On September 12th, 2013, in a Judiciary Committee debate over a proposed journalist shield bill, Sen. Dianne Feinstein argued that First Amendment protections of the press do not extend to bloggers and student journalists. She offered an amendment to limit the bill’s protections to paid, credentialed journalists, attempting to create a class of journalist-elites, while excluding others from their constitutionally guaranteed right to free speech. Our nation’s founders communicated their idea through anonymously published handbills with no more credentials than a modern blogger. Feinstein forgets this, venomously deriding those with the impudence to write without corporate backing and a White House press pass.
“Should this privilege apply to anyone, to a 17 year old who drops out of high school, buys a website for five dollars, and starts a blog? Or, should it apply to journalists, to reporters who have bone fide credentials?”
When Feinstein offers this question with an answer in mind, she is not endowed with the authority to answer it. That power sits with the courts, and last week, Judge Marco Hernandez of the 9th Circuit Court ruled that 1st Amendment protections apply to all journalists, regardless of their training or the presence of “bone fide credentials”. The case in question, Obsidian Finance Group v. Cox, involves a finance blogger who accused the Obsidian Finance Group of engaging in tax fraud. The court ruled that even though the blogger, Crystal Cox, is an individual not connected to any larger media entity, because she wrote about an issue of public importance, her speech is no less protected than that of a salaried journalist. As a result, they applied the Gertz standard of negligence, an evolution of the earlier Sullivan standard, when assessing whether or not she could be sued for libel. This ruling holds both individual bloggers and corporate media entities to the same set of standards for libel, granting their speech equal 1st Amendment protection. While this case specifically referred to defamation, the Judge explicitly extends full 1st Amendment protections to all writers, without regard for the institutional affiliations, or lack thereof.
“The protections of the First Amendment do not turn on whether the defendant was a trained journalist, formally affiliated with traditional news entities, engaged in conflict-of-interest disclosure, went beyond just assembling others’ writings, or tried to get both sides of a story.

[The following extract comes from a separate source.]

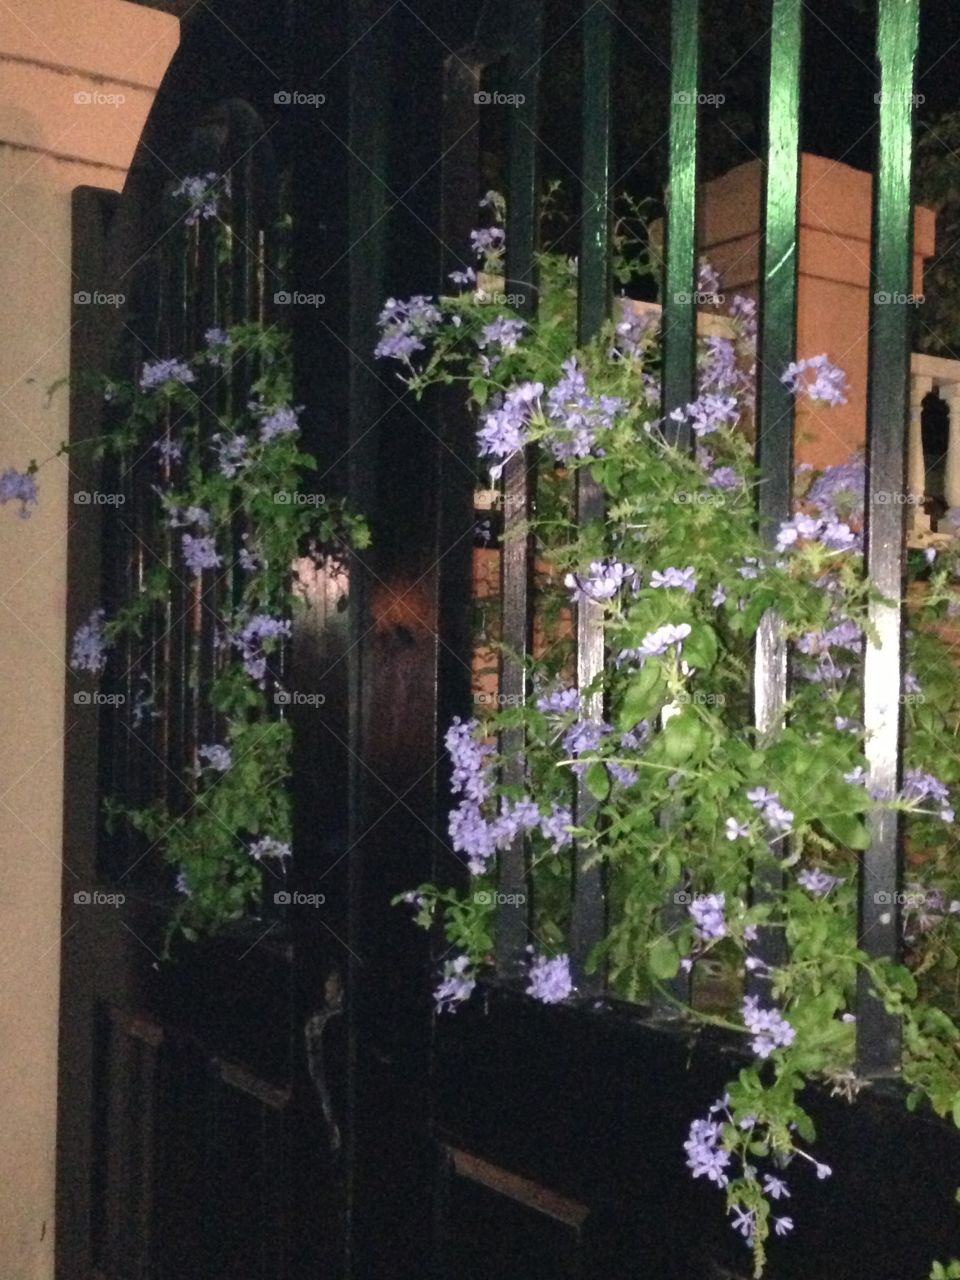 Flowers through a gate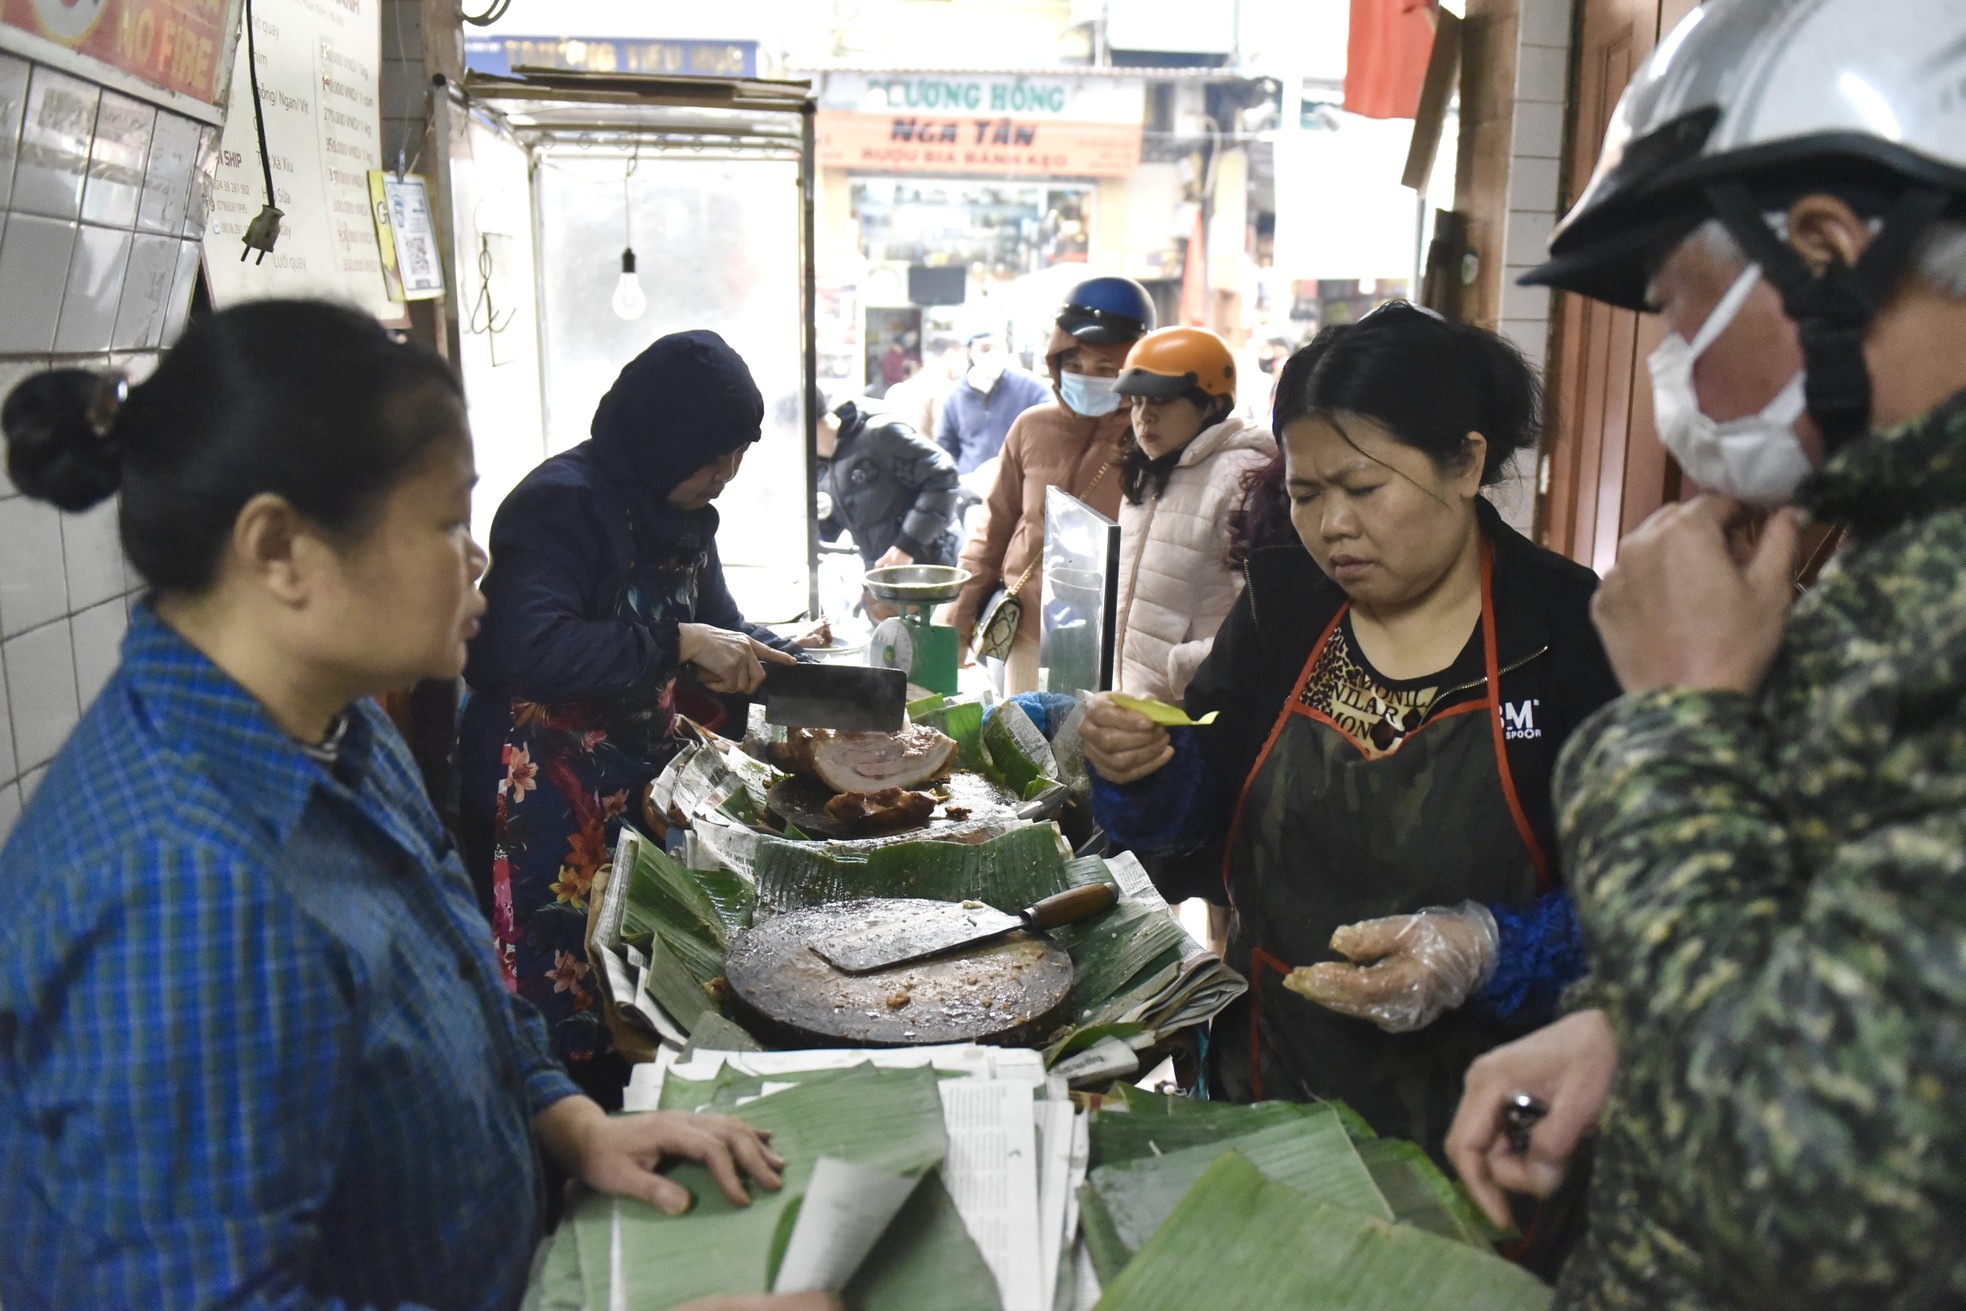 Xếp hàng dài giữa trưa mua heo quay ngày vía Thần Tài tại Hà Nội - Ảnh 4.

As the Supreme Court has accurately warned, a First Amendment distinction between the institutional press and other speakers is unworkable . . ."
This lack of distinction completely repudiates the claims made by Sen. Feinstein, who asserts that only professional journalists ought to be awarded the “privilege” of constitutional protection. While Feinstein’s camp advocates for the protection of a limited class of individuals known as “the press”, Judge Hernandez thankfully understands that the guarantee of freedom of the press refers to the technology in question, not any select group of individuals. Our country has little history of an institutional press, or, if there has been such a thing, its members have only been united by the technology they employ. All print licensing laws in the US have been eventually overturned. Anyone with a printing press has been free to use it, credentials or not. A glance at English history further helps to justify a technological interpretation of “the press”. In 1662, the Licensing of the Press Act made it a crime for anyone to operate an unlicensed printing press. Messengers of the King were also entrusted with the power to enter private residences to search for unlicensed printing presses. This restrictive, credentials based system of printing licensure was well known to those ratifying of the Bill of Rights. Given the English history of license based press restrictions, it would make sense that “freedom of the press” guaranteed the everyman a right to print this thoughts using the technology commonly employed by journalists. Sen. Feinstein would do well to learn this history, and ought to stop trying to give our government the powers of Charles II, especially when they fly in the face of all legal precedent.
Sen. Feinstein’s office did not respond to requests for comment.